December 23, 2024

“Semantic Similarity”: AI System Identifies New Drug Candidates for Parkinson’s Disease

The 3 leading prospects from that assay were then checked on numerous other mitophagy assays, which recognized probucol, a cholesterol-lowering drug, as the compound with the best combination of efficiency and likely safety. Probucol was also found to enhance motor neuron, survival, and function loss in two different animal models of Parkinsons illness (PD is mainly a motion disorder).
” Our research study showcased a dual in silico/cell-based screening approach that determined known and brand-new systems leading to mitophagy enhancement,” McQuibban stated. “Given the linkage in between lipid bead build-up and ABCA1, it seems likely that probucol improves mitophagy through mobilization of lipid droplets.

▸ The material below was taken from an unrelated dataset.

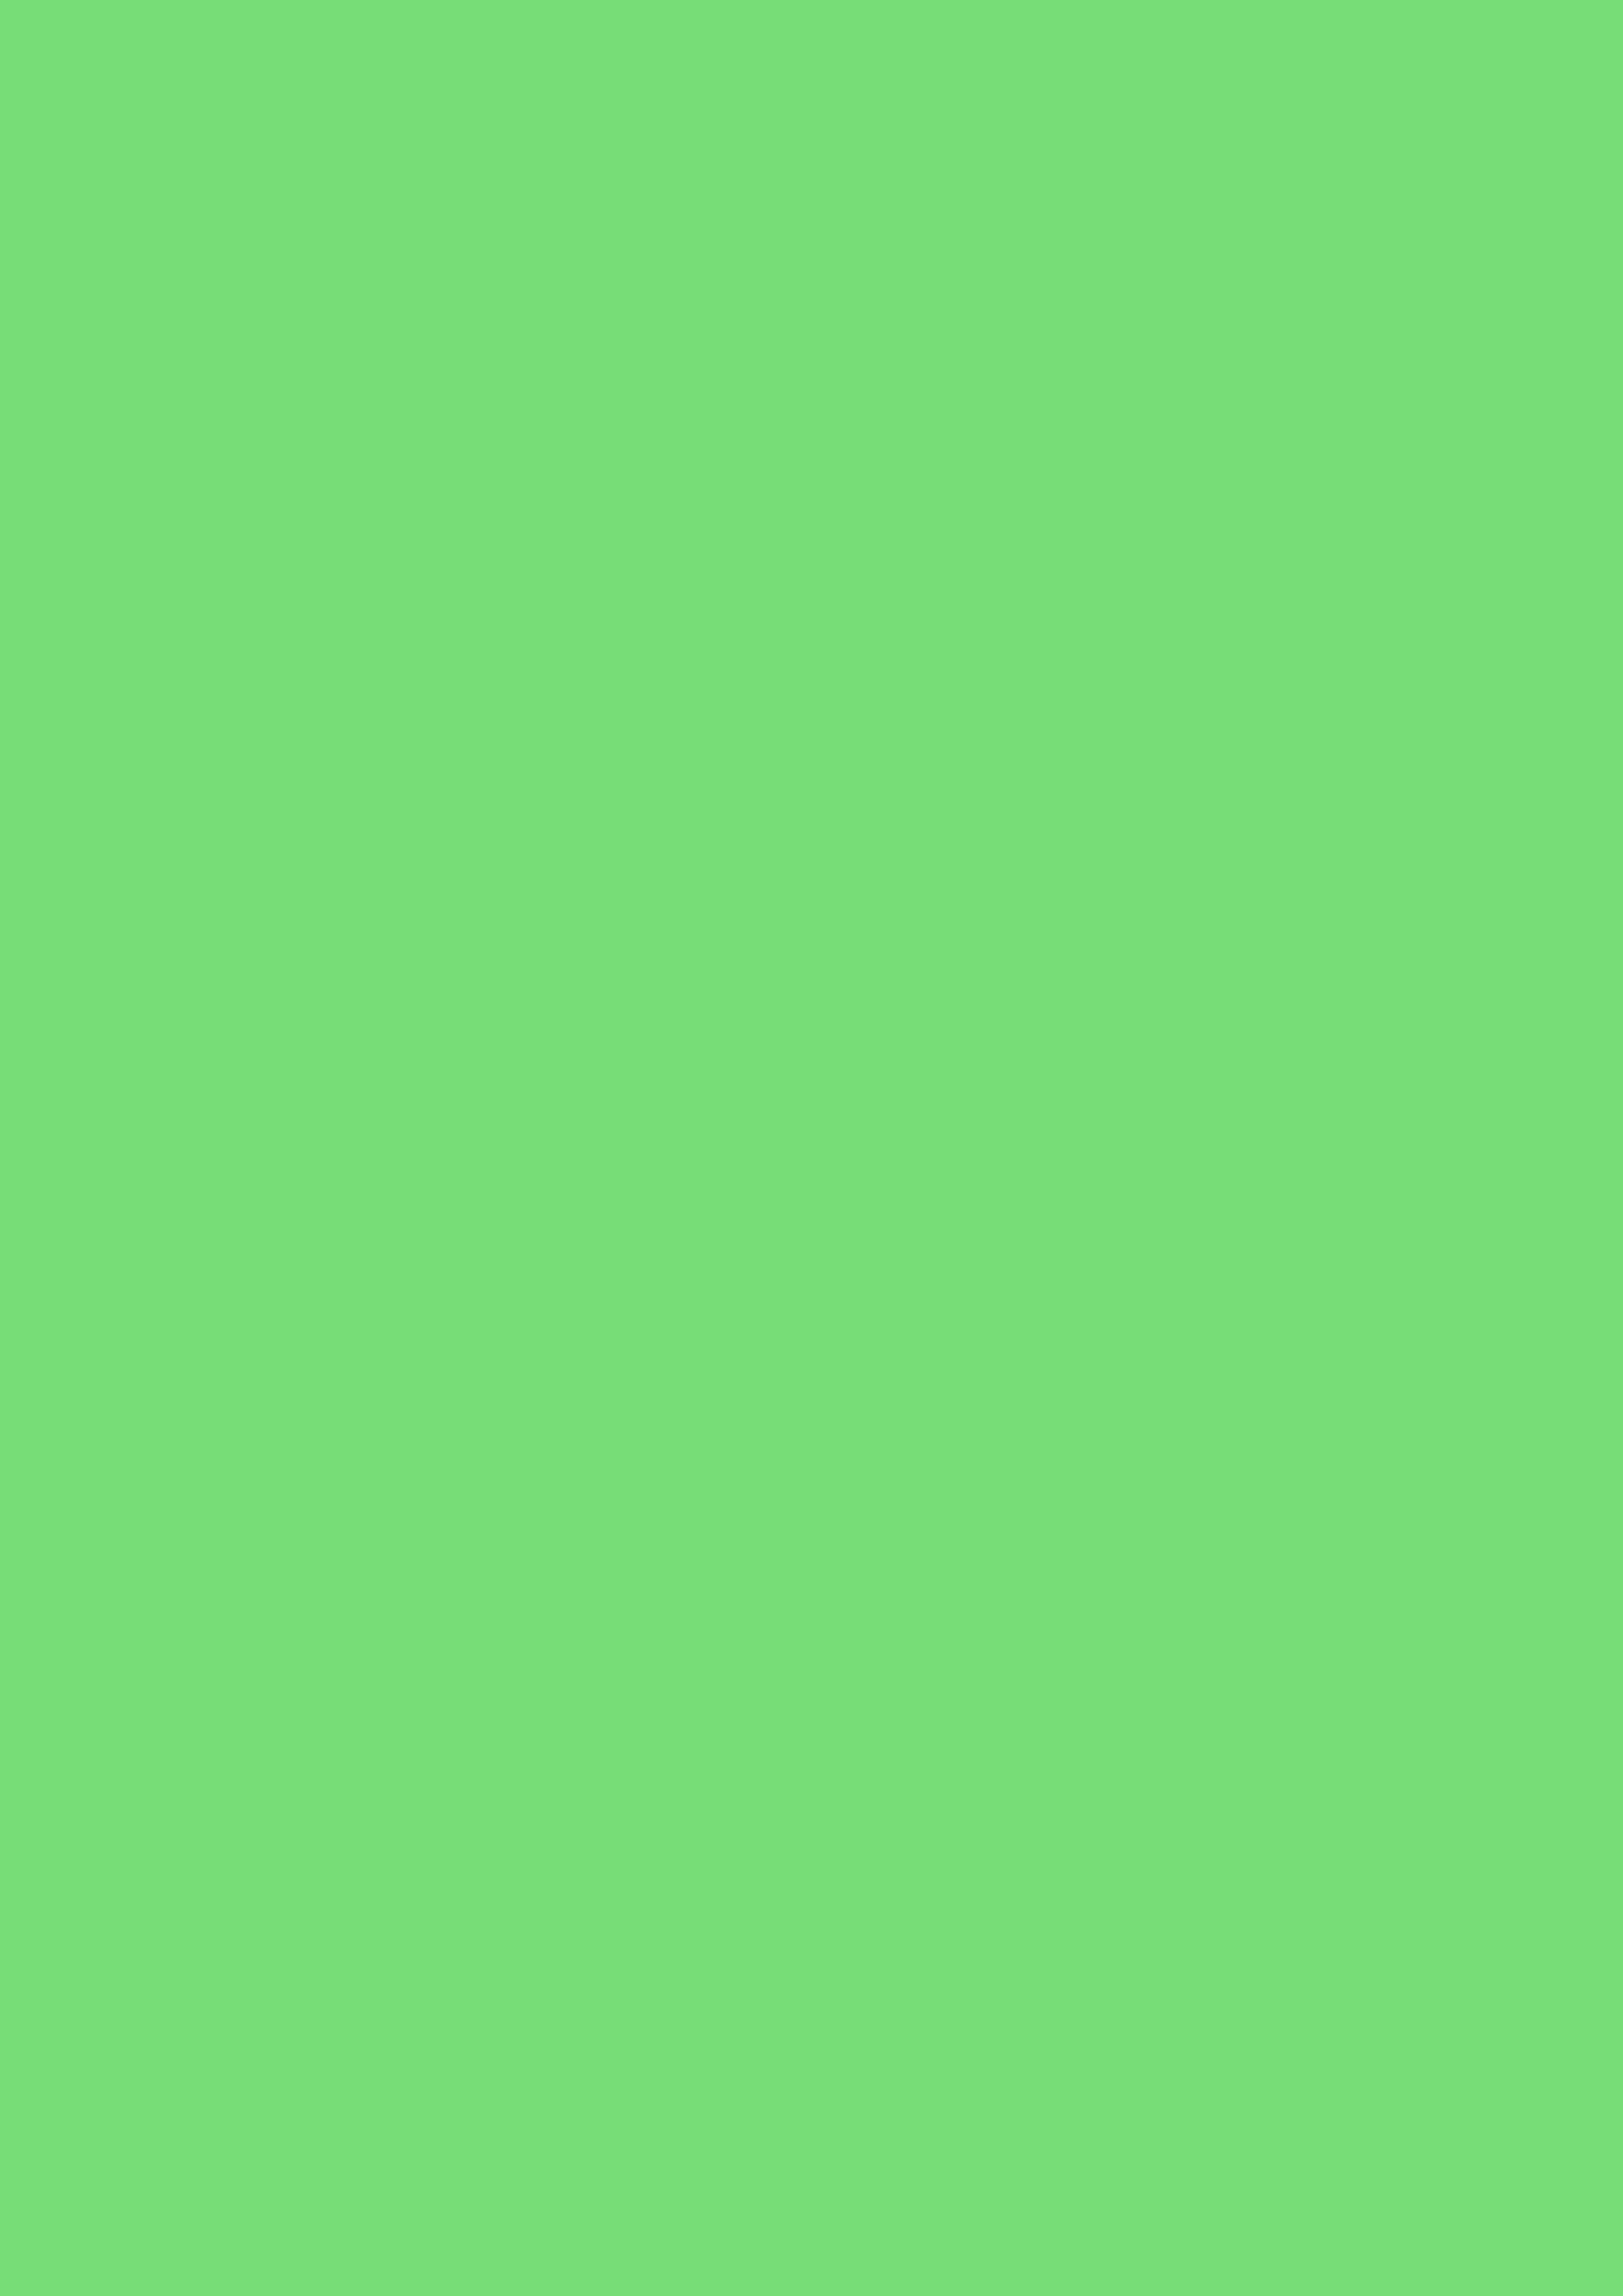 2480x3508 Pastel Green Solid Color Background
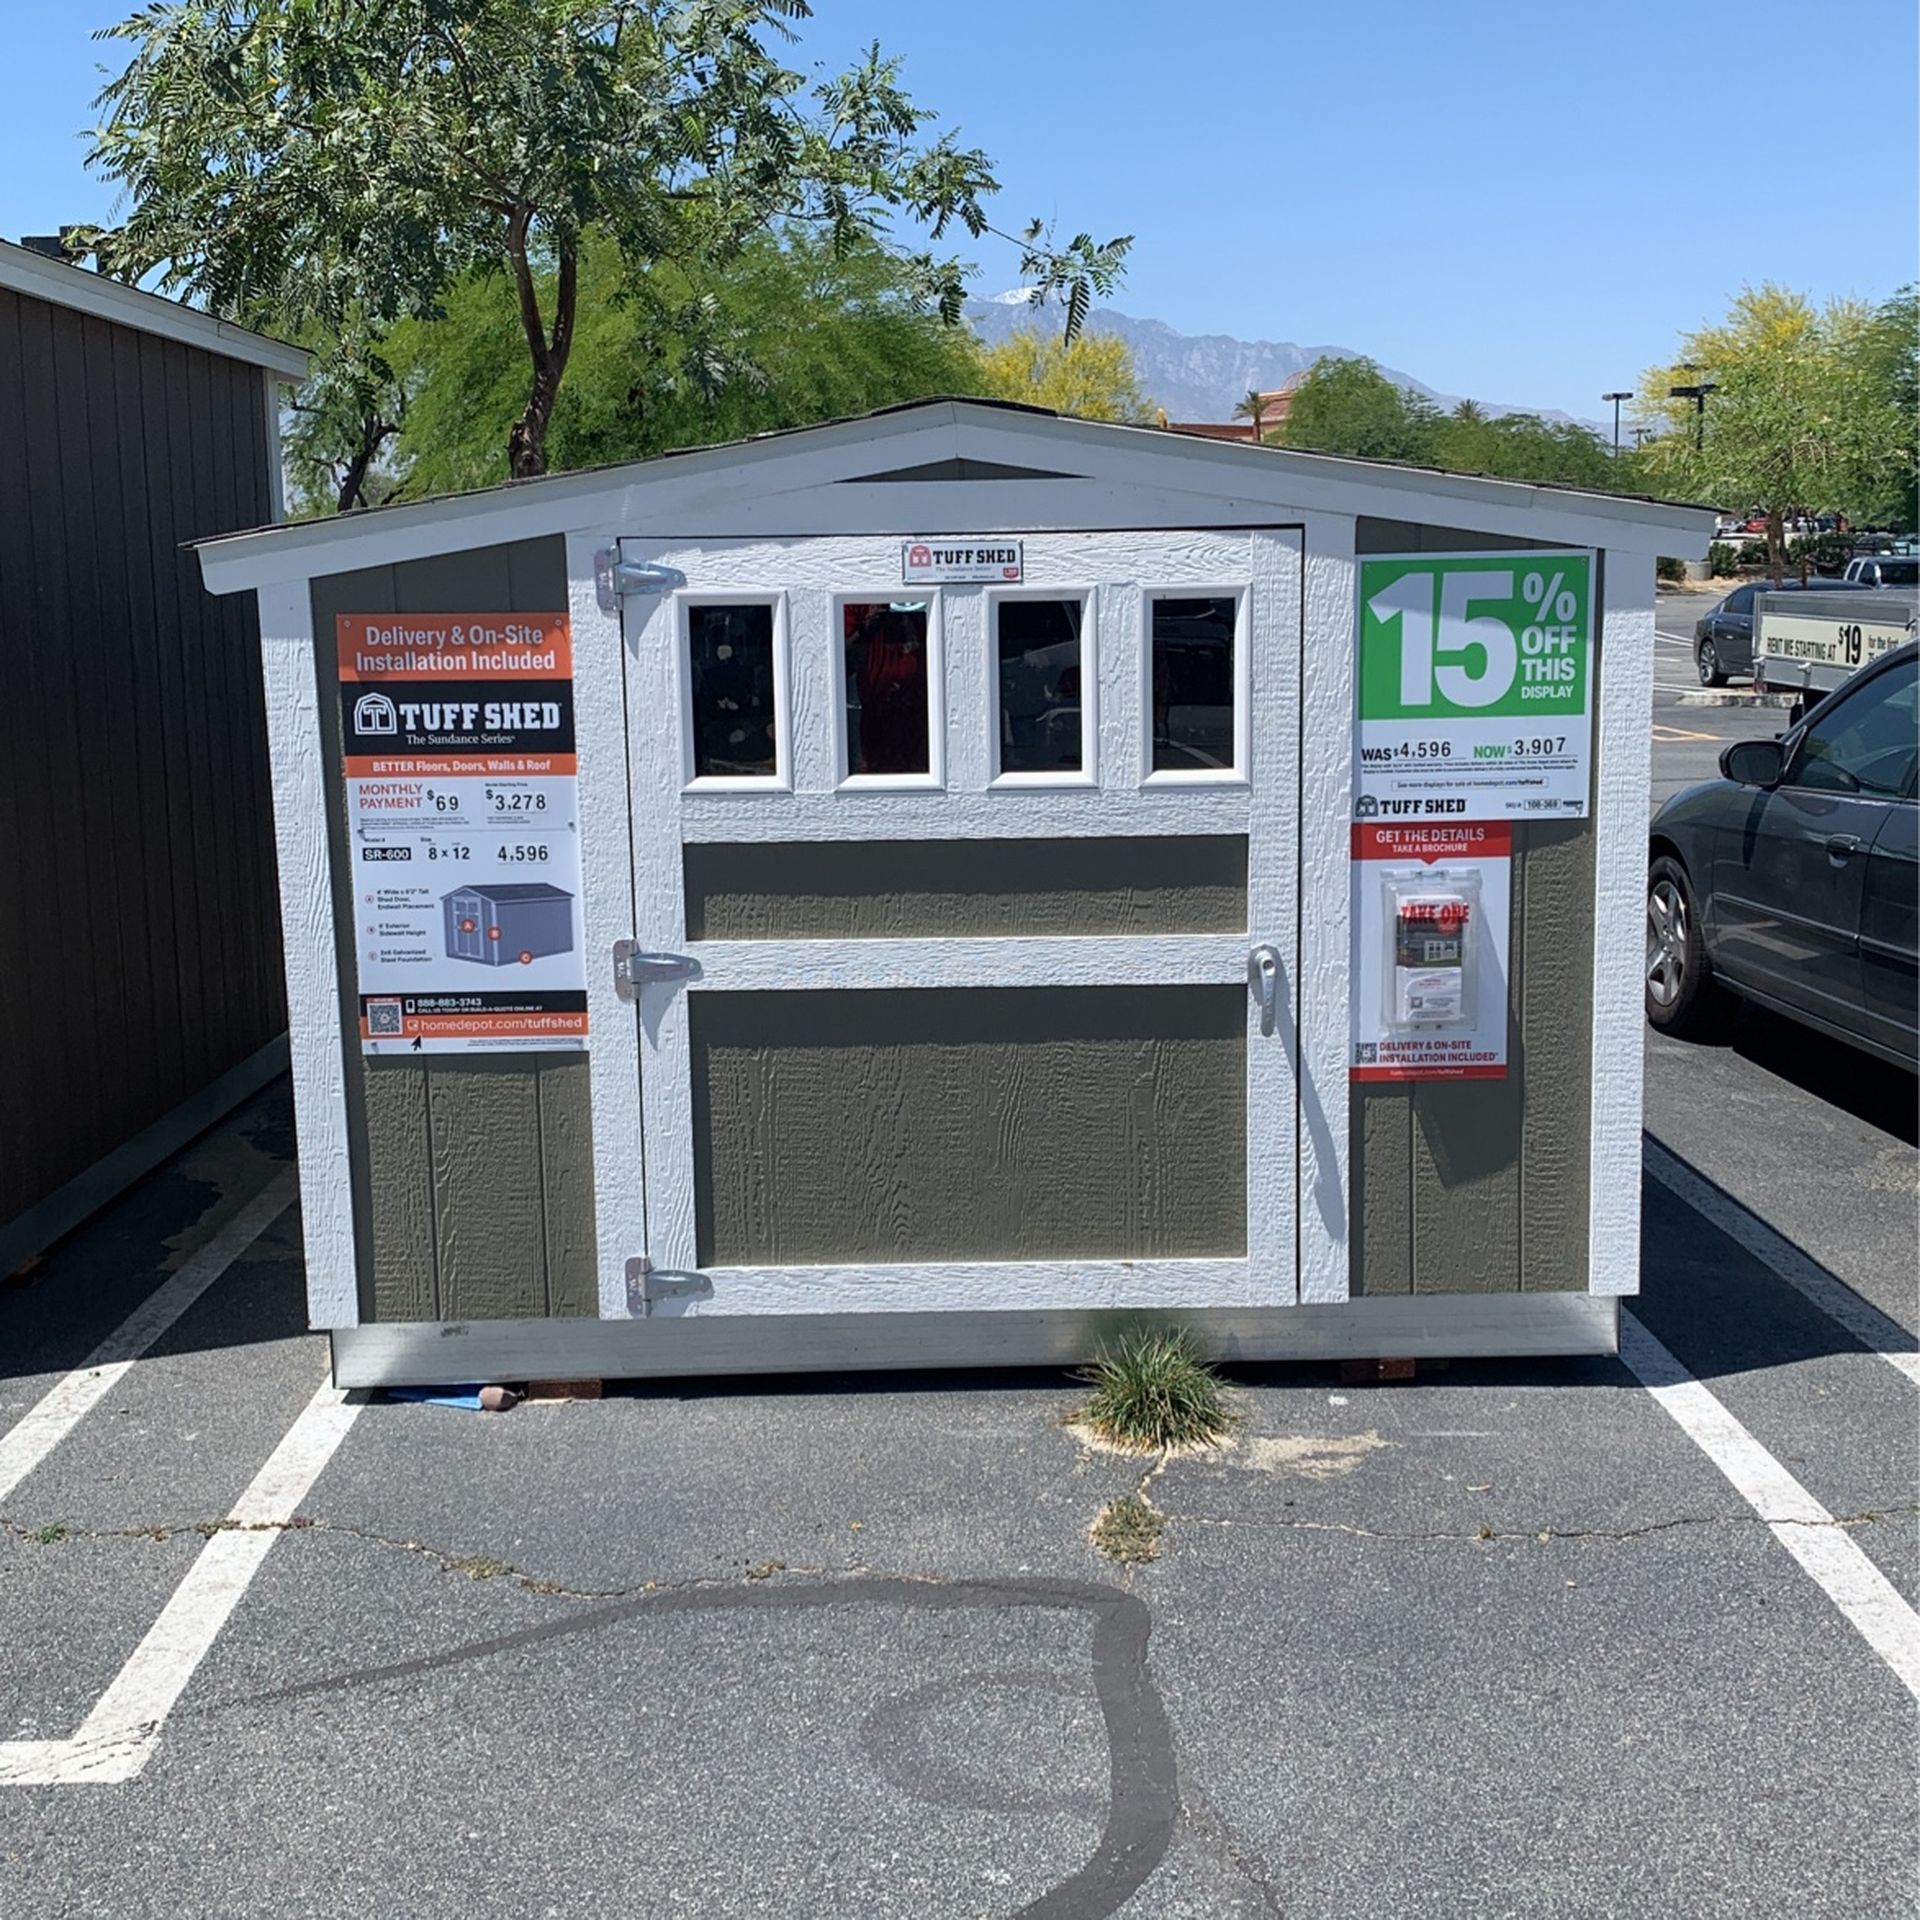 Tuff Shed Sundance SR-600 8x12 Mesa Style Was $4,596 Now $3,907 15% Off Financing Available!

Determining patterns of such “semantic resemblance” is among the core abilities of IBM Watson for Drug Discovery, an AI program worked on a supercomputer that evaluates the published literature for patterns of phrases, keywords, and juxtapositions. The team utilized the program to establish a semantic “finger print” of bona fide mitophagy enhancers, and after that looked for similar finger prints in the literature on a set of over three thousand candidates from a drug database.
The leading 79 prospects were screened in cell culture versus a mitochondrial toxin. The three leading candidates from that assay were then evaluated on numerous other mitophagy assays, which identified probucol, a cholesterol-lowering drug, as the compound with the best combination of efficiency and most likely security. Probucol was also discovered to improve motor neuron, survival, and function loss in 2 different animal models of Parkinsons illness (PD is primarily a motion condition).
Probucols effect on mitophagy required the development and action of lipid beads, transient cell structures that assist preserve mitochondrial stability during tension, and that accumulate abnormally in Parkinsons illness. Probucol is known to target ABCA1, a protein involved in lipid transport, and decrease in levels of ABCA1 lowered probucols ability to promote mitophagy, suggesting that ABCA1 is a most likely conciliator of the function of lipid beads in mitophagy.
” Our research study showcased a dual in silico/cell-based screening methodology that identified new and known systems causing mitophagy improvement,” McQuibban stated. “Given the linkage between lipid droplet accumulation and ABCA1, it appears most likely that probucol boosts mitophagy through mobilization of lipid beads. Targeting this mechanism might be advantageous.”.
McQuibban includes, “In our study, we utilized the AI platform IBM Watson to effectively recognize currently authorized drugs that could potentially be re-purposed as therapies for Parkinsons disease.”.
Referral: “An AI-guided screen identifies probucol as an enhancer of mitophagy through modulation of lipid droplets” by Natalia Moskal, Naomi P. Visanji, Olena Gorbenko, Vijay Narasimhan, Hannah Tyrrell, Jess Nash, Peter N. Lewis and G. Angus McQuibban, 2 March 2023, PLOS Biology.DOI: 10.1371/ journal.pbio.3001977.
The study was funded by the Canadian Institutes of Health Research.

Drosophila that represents among the models of neurodegeneration utilized in the lab to screen for things (both chemically and genetically) that control mitophagy. Credit: Angus McQuibban (CC-BY 4.0).
AI analyzes the descriptions of compounds to identify prospective new drug candidates.
A new research study, published in the journal PLOS Biology, suggests that the language used by scientists in explaining their results can be utilized to reveal brand-new treatments for Parkinsons illness. The study, led by Angus McQuibban of the University of Toronto in Canada, utilized AI to discover an existing anti-cholesterol medication that has the capability to improve the disposal of mitochondria, which are cellular components responsible for energy production and are affected in Parkinsons illness.
The complete pathogenic path causing Parkinsons illness (PD) is unidentified, but one clear factor is mitochondrial dysfunction and the failure to dispose of defective mitochondria, a process called mitophagy. A minimum of five genes linked in PD are connected to impaired mitophagy, either directly or indirectly, therefore the authors sought compounds that could boost the mitophagy process.
Several such substances have actually been determined, however many of them also cause harm to cells, ruling them out as drug candidates. That led the authors to ask whether the literature explaining these substances might lead them to other substances, ones not previously linked to mitophagy enhancement however which are described with terms that also appear in documents that go over the known enhancers.